> **WHAT TO PRODUCE**: Copy out the listing that follows, exact in every word, and skip the images.

> **INPUT DATA**:
+ + + + +
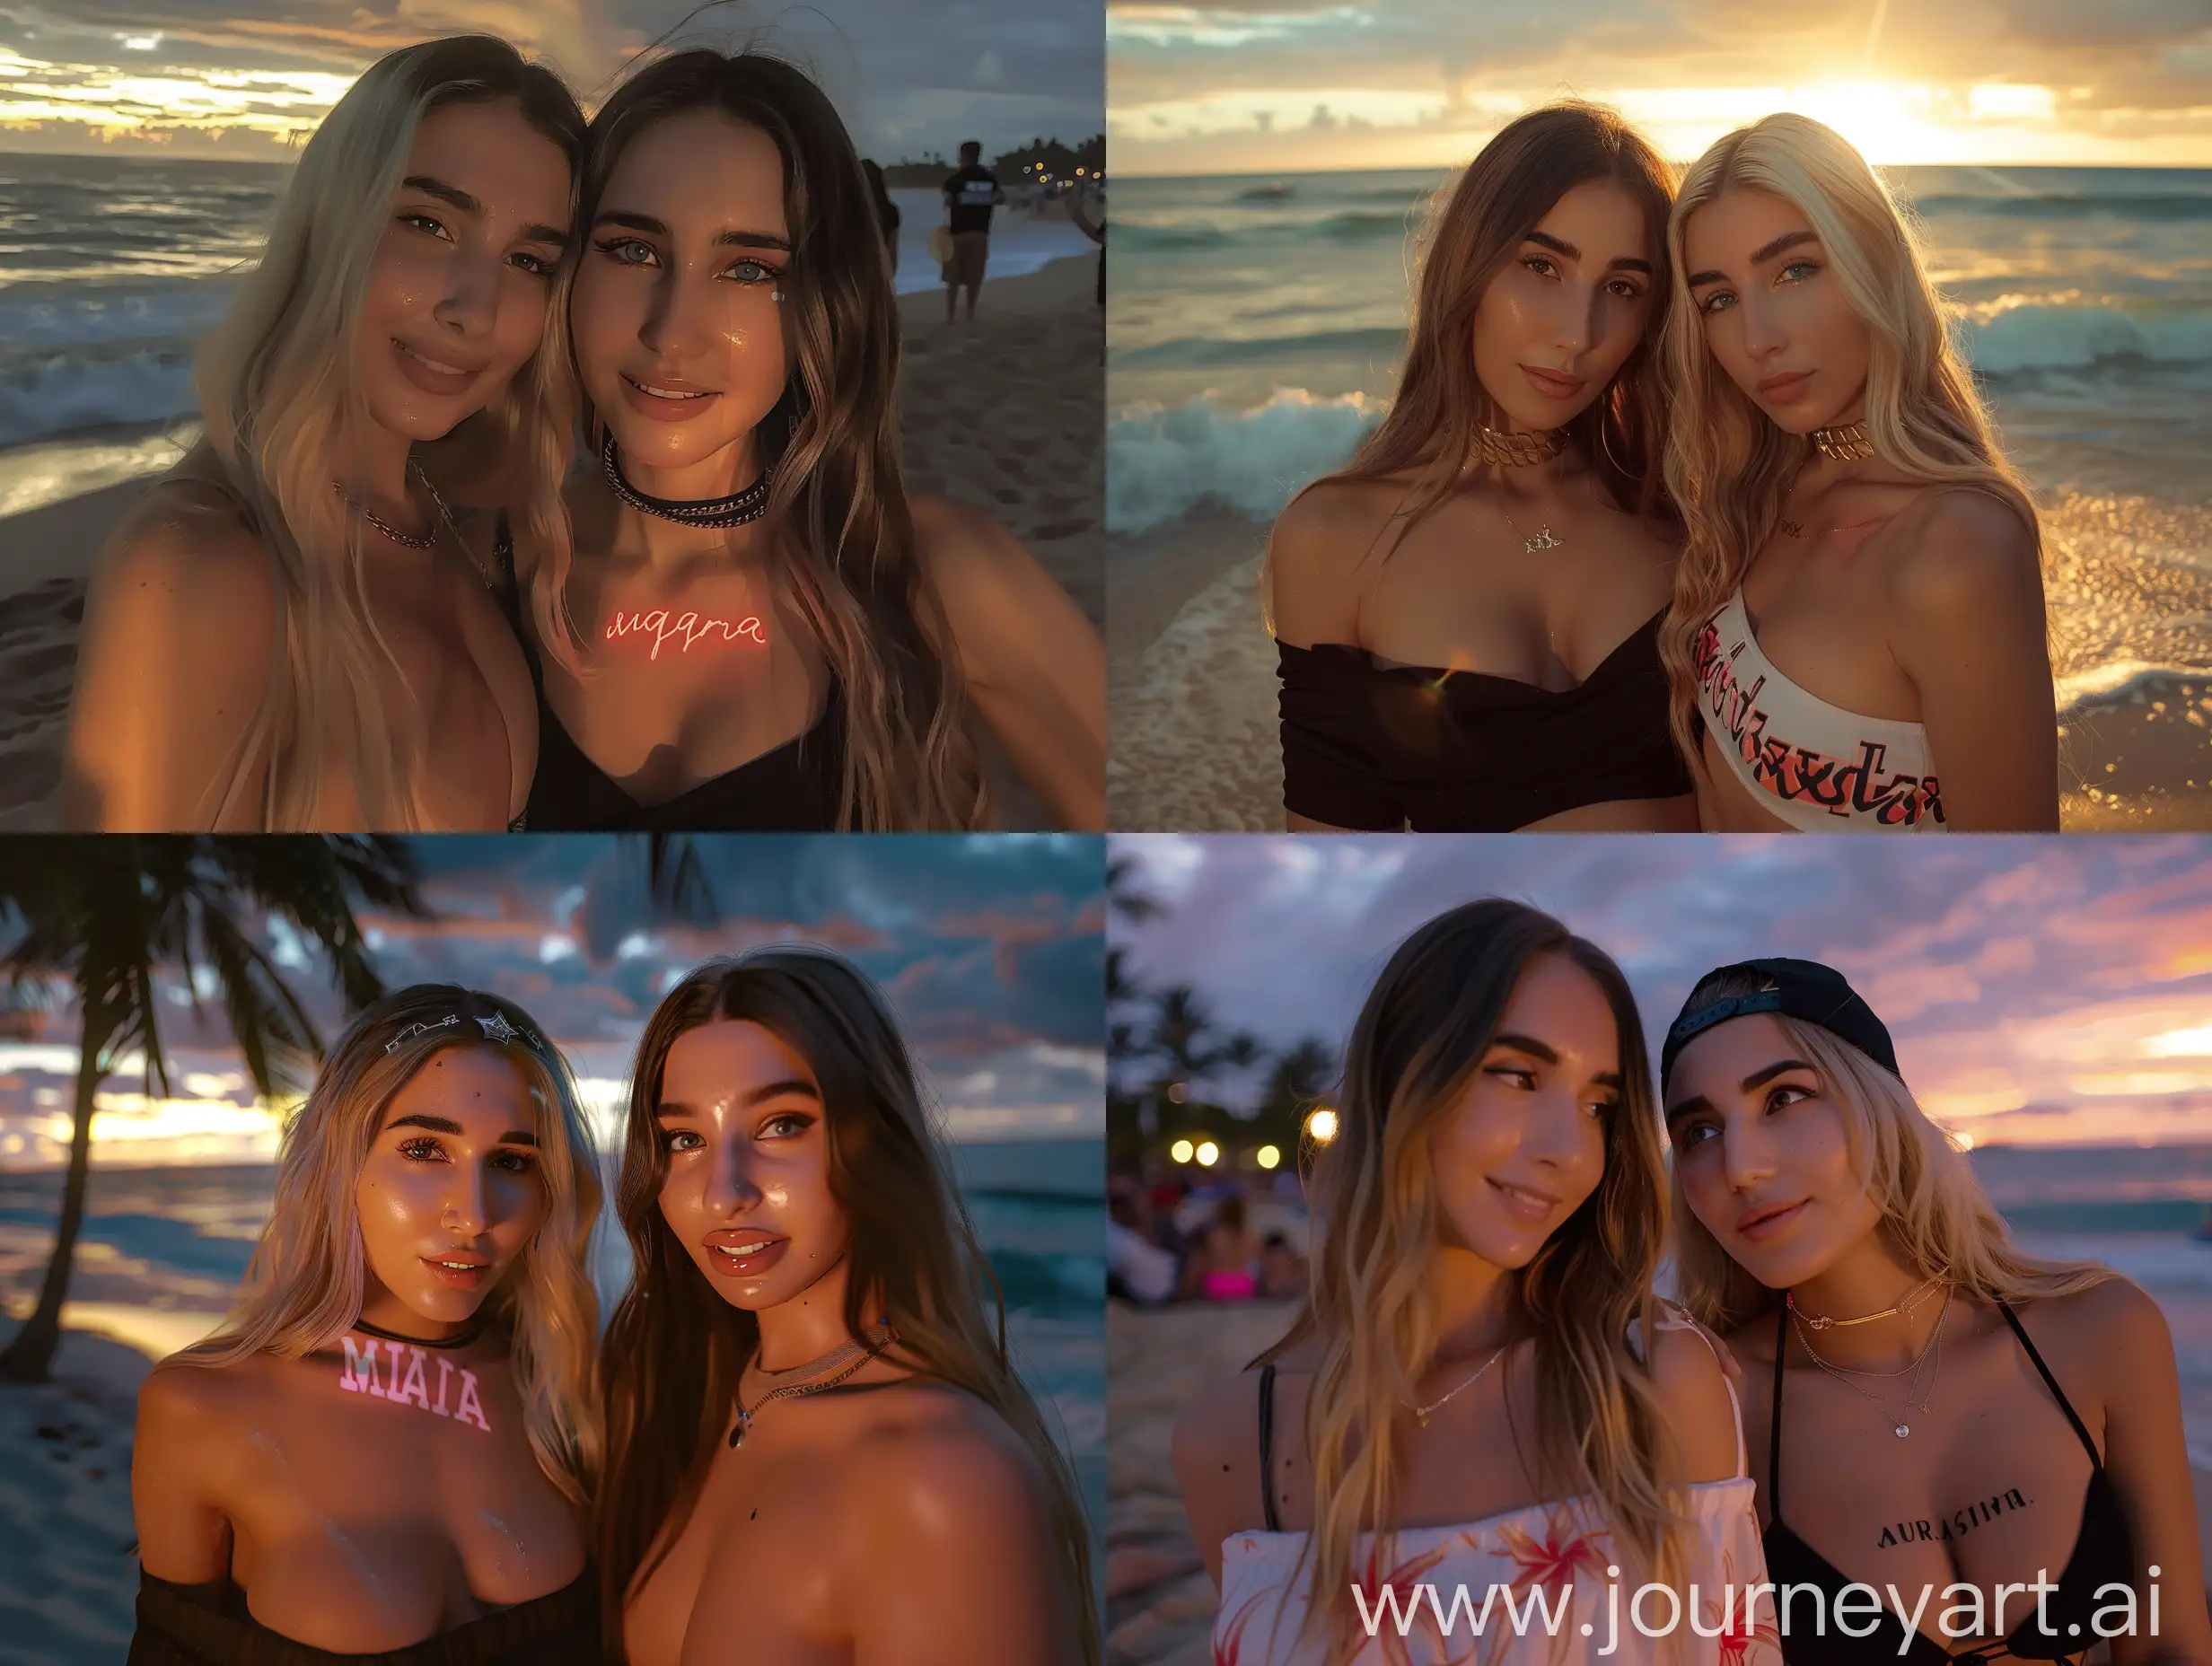 Aesthetic instagram of two girls at the beach on a date, realistic lighting, super models, chest
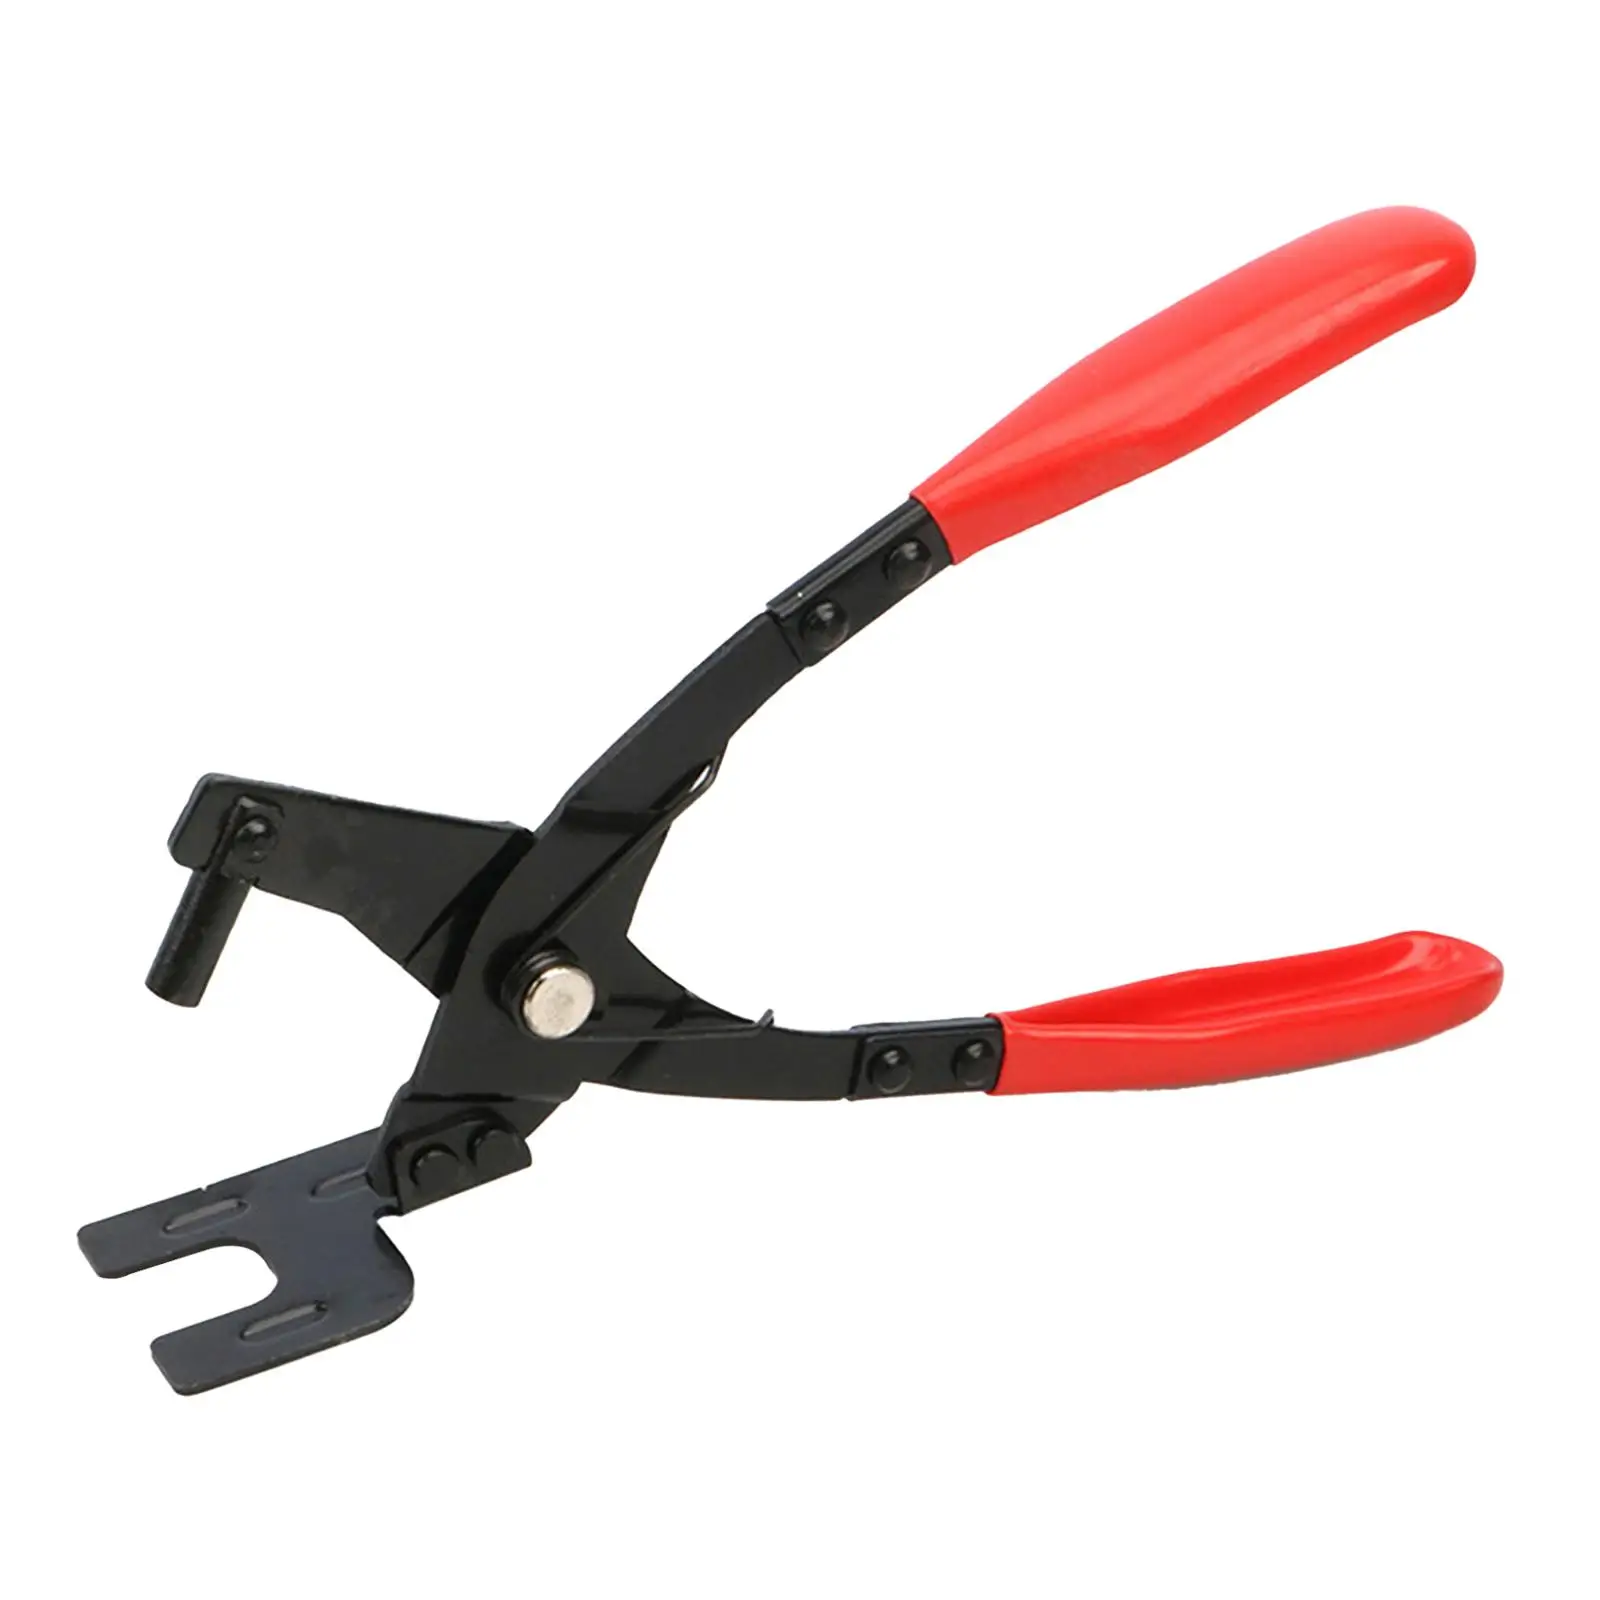 Exhaust Hanger Removal Pliers Hand Tools Anti Slip Muffler Hanger Removal Tool Red Compatible with All Exhaust Rubber Hangers
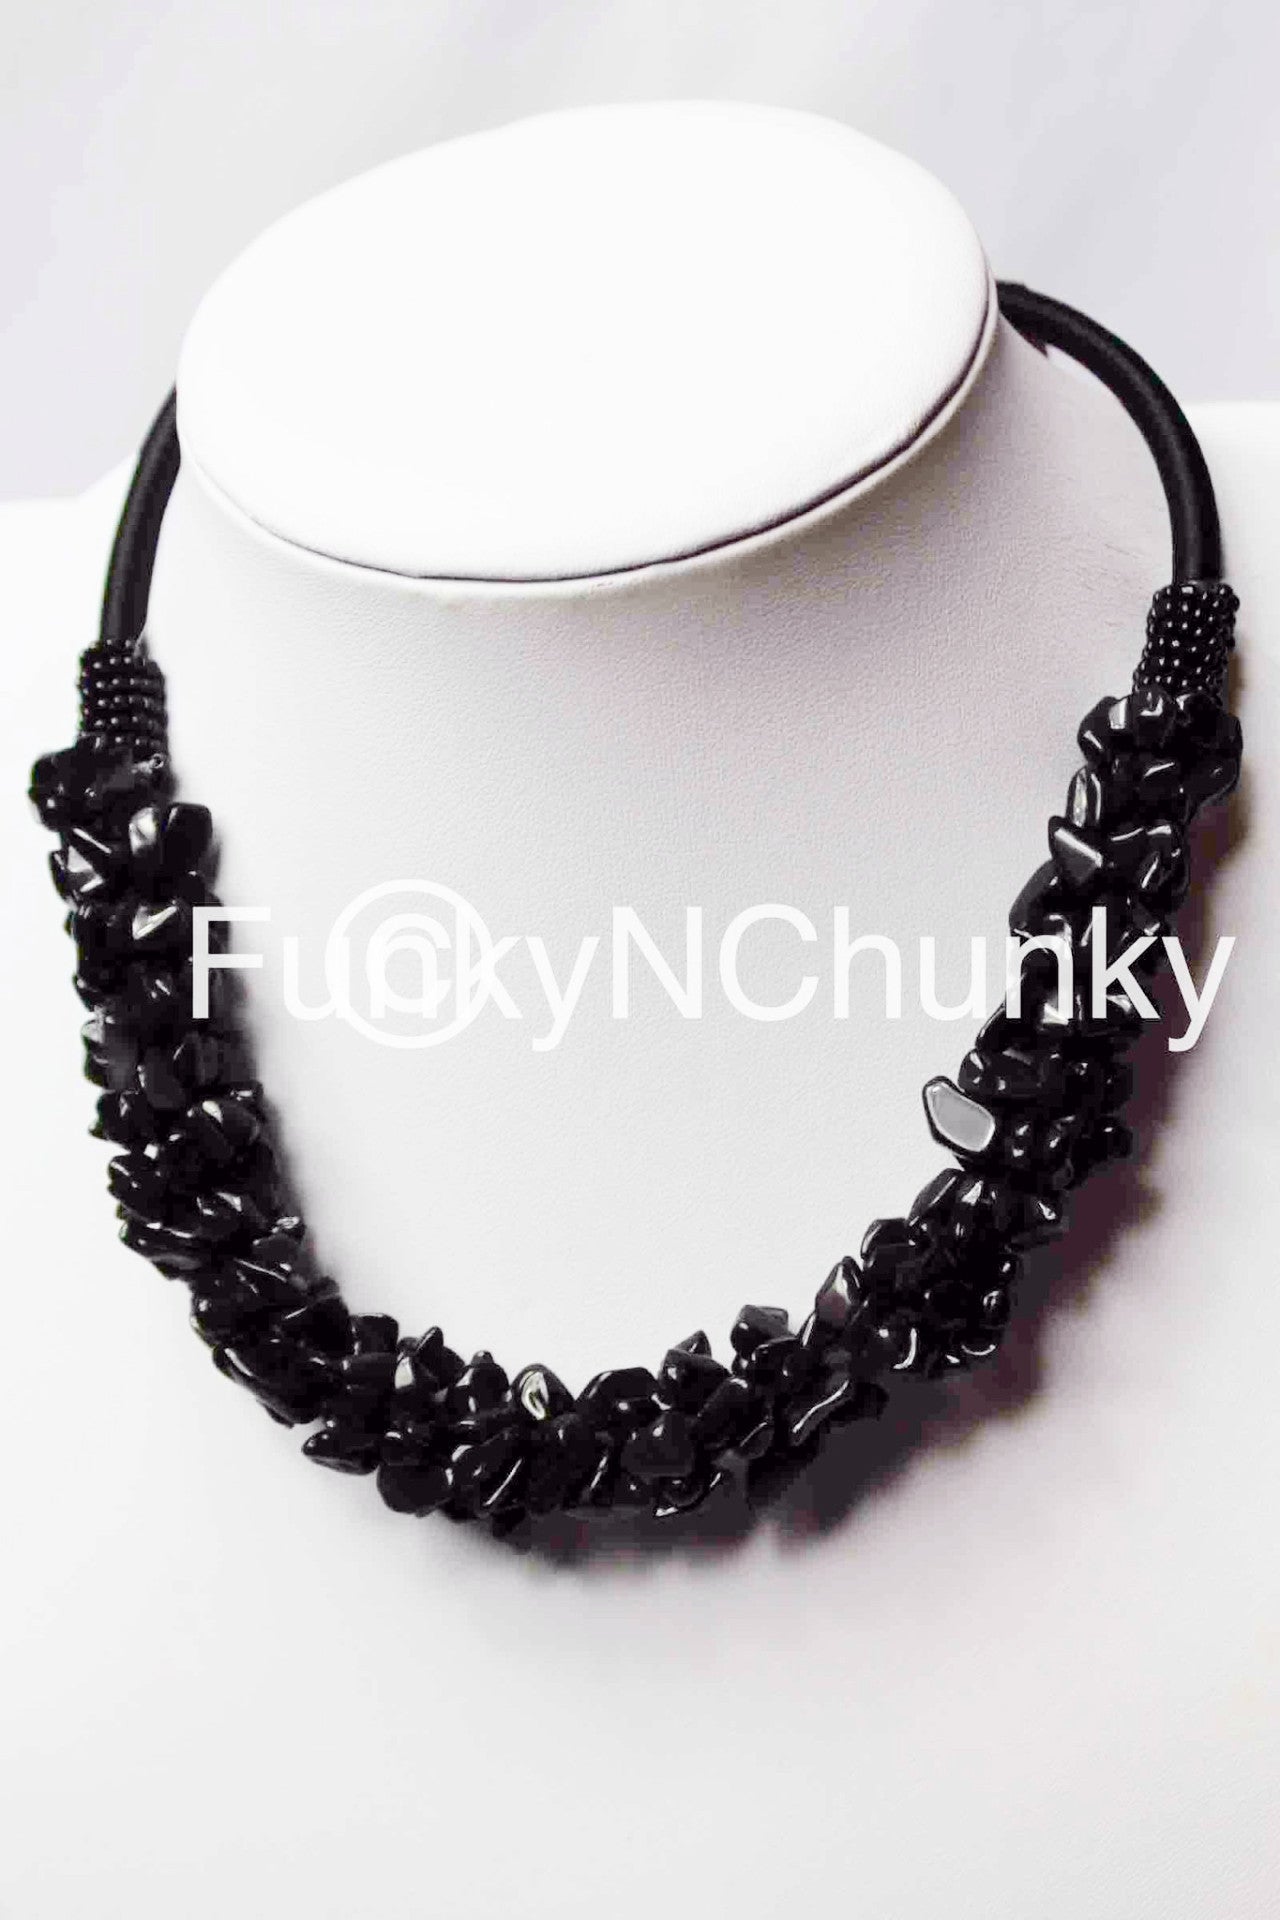 Black coral style statement necklace
+ + + + +
> **WRITTEN SOLUTION**:
 Aesthetic instagram of two girls at the beach on a date, realistic lighting, super models, chest
 Exhaust Hanger Removal Pliers Hand Tools Anti Slip Muffler Hanger Removal Tool Red Compatible with All Exhaust Rubber Hangers
 Black coral style statement necklace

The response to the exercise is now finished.